|  | 
			
			
			
					
					
			
				
					
						
	I mean... it is linear in speed,  it's just nonlinear in energy.
		
			
			
				
					  Originally Posted by OngBonga   I thought it was b/h, but that's because I assumed the scale from 0 to 1 was linear. 
 Max height of an object in projectile  motion is a measurement of it's total mechanical energy (simplified to Potential + Kinetic, here).  It is at rest  in a potential energy field at some distance h from what we've chosen  to call 0.  At height 0, we model that 100% of its potential energy is turned into kinetic energy.  That part of the model is linear in energy.
 
 At the elastic collision, we have a speed that is before and after.  The COR is linear in this speed ratio, with 1 being a perfectly elastic collision, and 0 being a perfectly inelastic collision.
 
 Then we're back into the projectile motion regime and it's linear in energy again, with total energy constant.
 
 
 
	
		
			
			
				
					  Originally Posted by OngBonga   But still, assuming ideal conditions with perfect elasticity and no other influences, the answer is still a COR of 1, I believe. The ball bounces to precisely to the same location from where it was dropped. Fun fact - the ground also falls slightly towards the ball, and then bounces back the same distance it fell, which gives it a COR of 1 too.  Rereading the original question, you got it.
 Saying the ball is perfectly elastic is one thing, but the ground itself wasn't said, and the ball-ground interaction is what's under scrutiny.
 But if we assume the ground is perfectly rigid, then the ball being perfectly elastic seals the deal.  COR = 1.
 
 It's kinda a trick question because perfect elasticity means COR = 1, and knowing how to calculate COR when b != h is a red herring.
 
 
 
 
	By assuming the ground's mass is "much much greater" than the ball, we also assume it's much much greater than our own mass, as well.
		
			
			
				
					  Originally Posted by OngBonga   I don't believe so. We have three masses, because "you" are dropping the ball. In effect, we're assuming the ground's mass is infinite; it is un-accelerate-able, and a suitable place to attach a Newtonian inertial reference frame.
 
 Which, as you say, is an absurd approximation.
 Or is it?
 The Earth's mass is dozens of orders of magnitude higher than my mass, which is assumed to be within a couple orders of magnitude of the ball.
 
 If we're assuming the reason the ball accelerates is due to gravity, then the assumption that we're on a roughly Earth-sized planet seems apt.  Under those conditions, the fault in our approximation will show up only dozens of decimal places deep.  So we're technically wrong, but not measurably wrong.  So the wrongness is quantified as "acceptable."
 
 
 
	In that sense, all knowledge is absurd.
		
			
			
				
					  Originally Posted by OngBonga   Even if we have perfect elasticity, an absurd concept in its own right, we have a third gravity influence altering the velocity of both the ball and ground. 

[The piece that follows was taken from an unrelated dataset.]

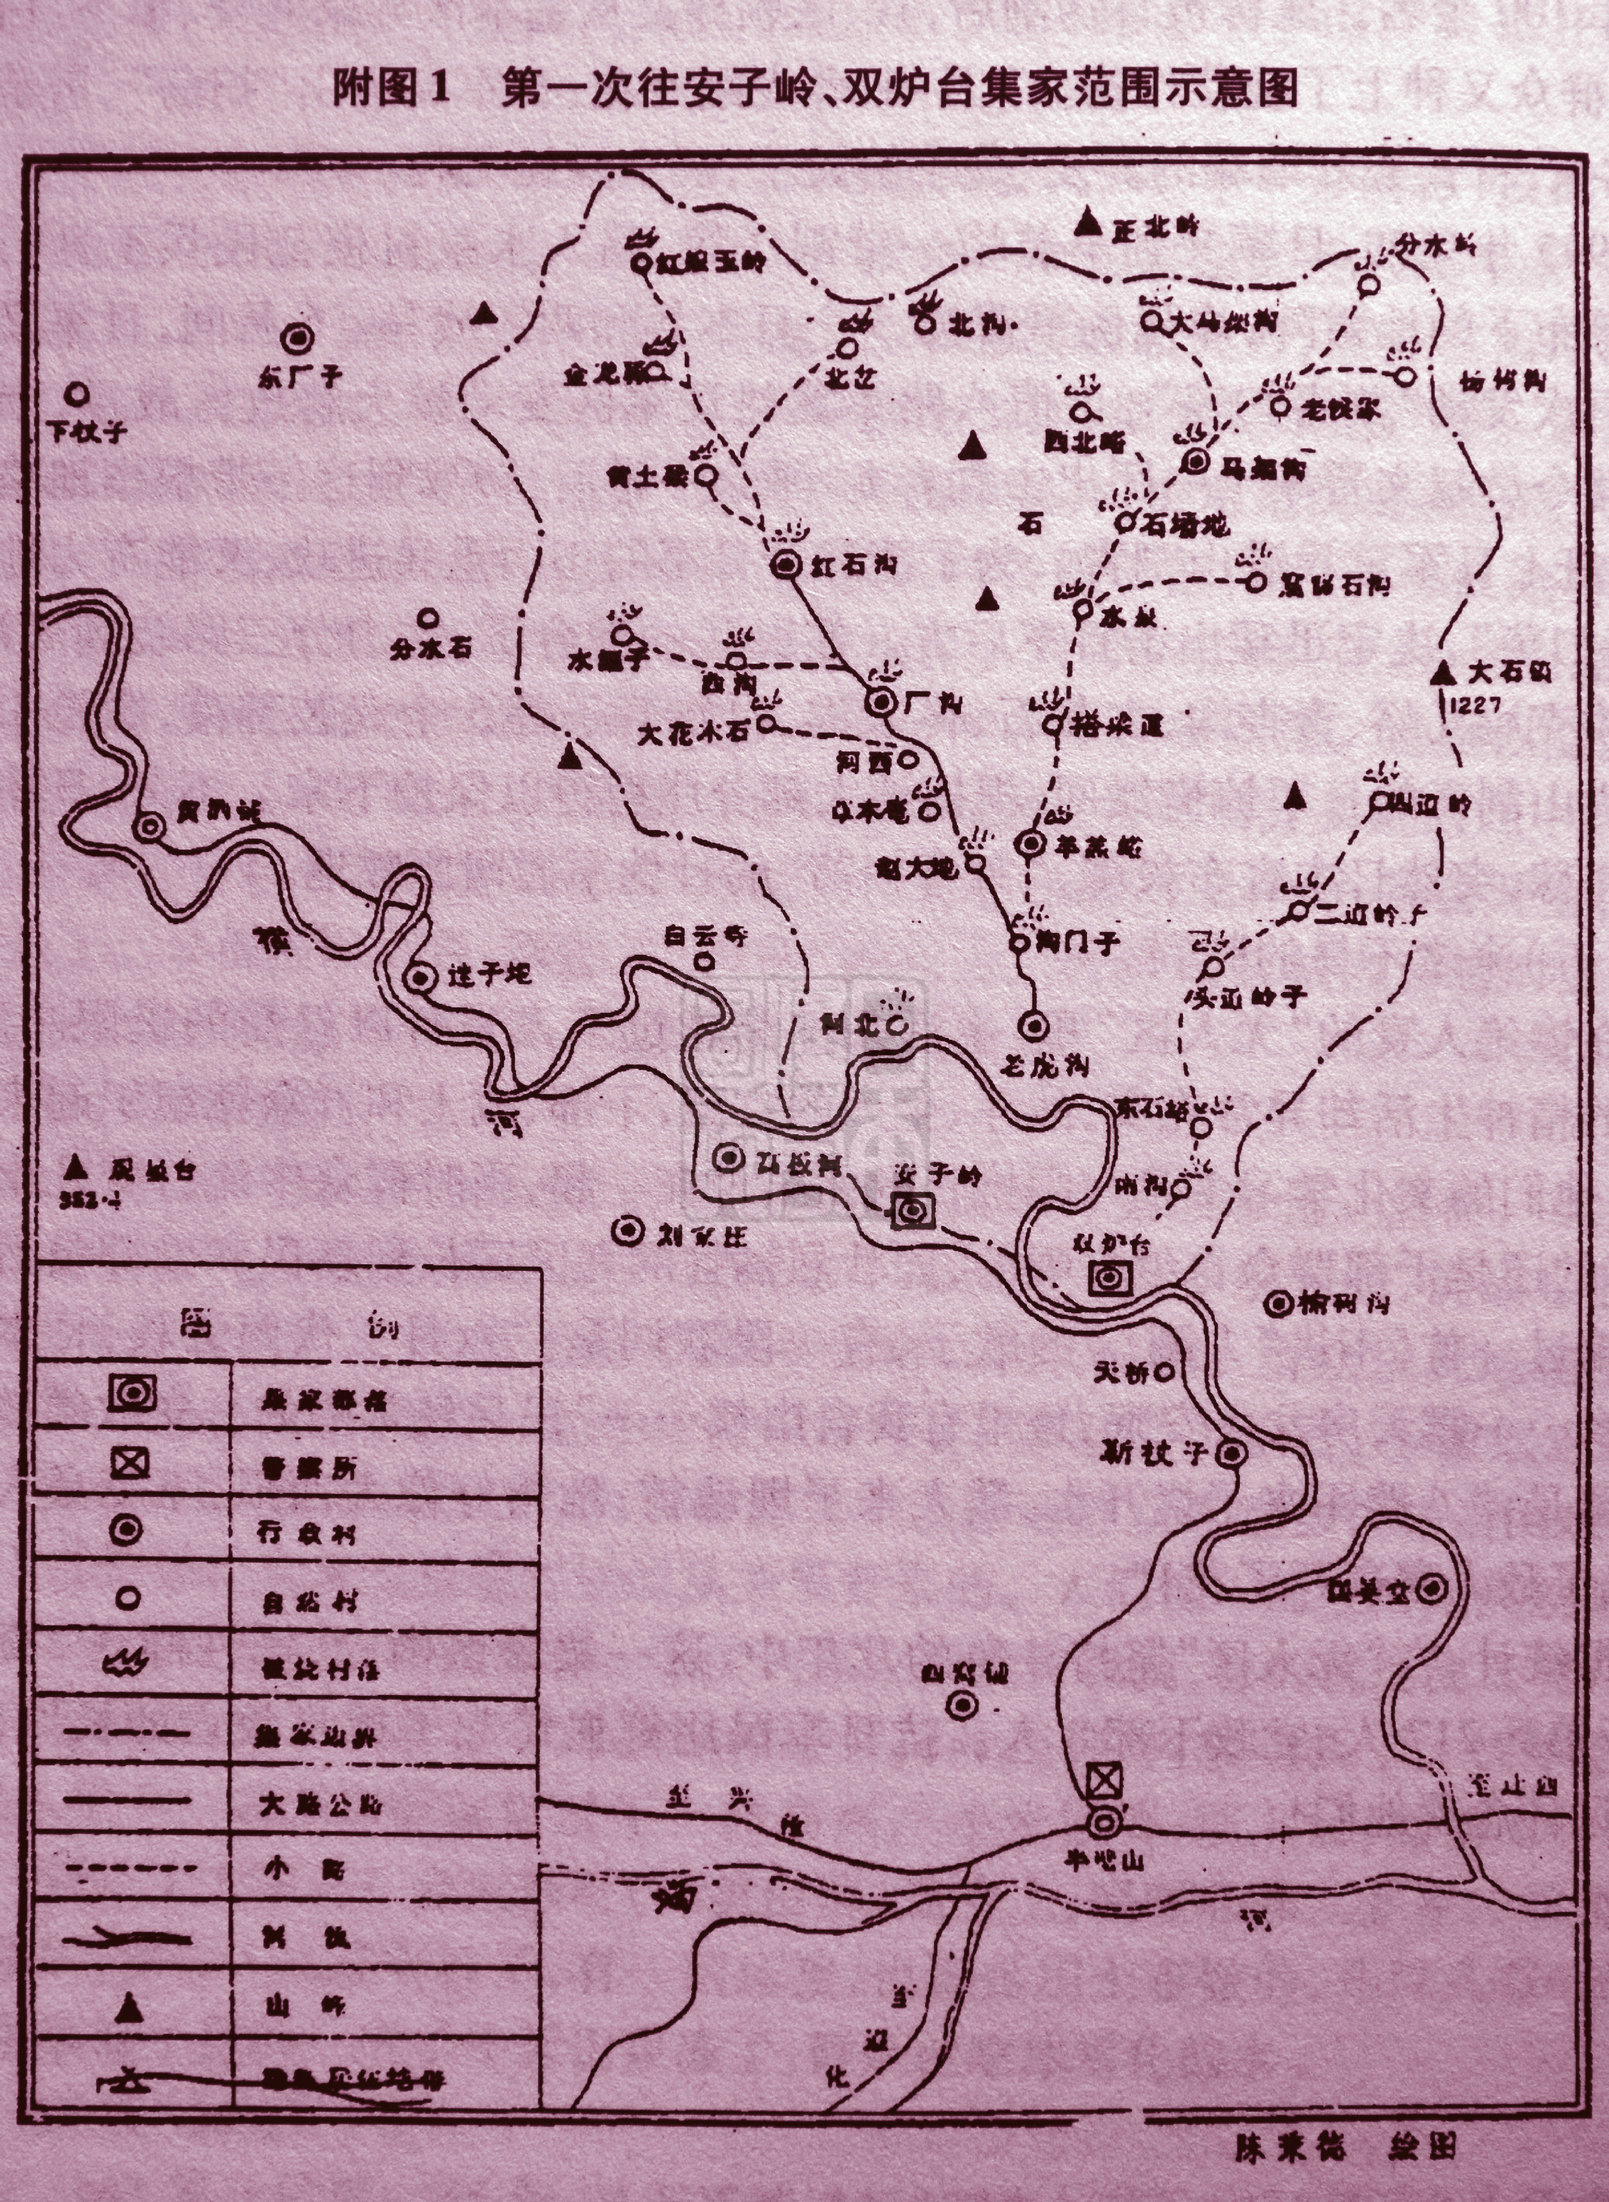 碉堡密布,壁垒森严:日军为清剿抗日武装,在各地大肆圈占无人区

 Perfect elasticity isn't entirely absurd, no more than any other model (guess / approximation) of reality.
 
 Think of 2 magnets' like poles repelling each other.

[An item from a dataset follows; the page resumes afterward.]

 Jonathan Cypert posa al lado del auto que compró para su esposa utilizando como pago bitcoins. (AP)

 Mostly, what is deformed that is the origin of the force?
 The magnetic field.
 The (electro)magnetic field is perfectly elastic.  Any energy put into deforming it is given back in full.
 
 
 
	Precisely 0 is perfectly inelastic, when the ball sticks to the wall.
		
			
			
				
					  Originally Posted by OngBonga   Infinite mass? The COR of a ball "bouncing" off an infinite mass is surely precisely zero. The "after" speed is 0, and that goes in the numerator of the COR fraction.
 
 
 
	Provided the given statement that the balls a perfectly elastic, yes.
		
			
			
				
					  Originally Posted by OngBonga   See above. It does matter because other objects in the universe mean non-uniform gravitational influences. But if we assume a perfectly isolated system, with a ghost dropping the ball onto a much much larger ball (not actually important, balls can be same size), made of the same perfectly elastic material with perfectly uniform density, and everything else being perfect so there is only ball ground and bounce, then it's COR=1 surely. 
 If the origin of the force that causes the acceleration during the bounce is the deformation of macroscopic objects (like balls), then the COR will always be less than 1.  The deformation will cause some internal heating, which is energy lost from the mechanical interaction.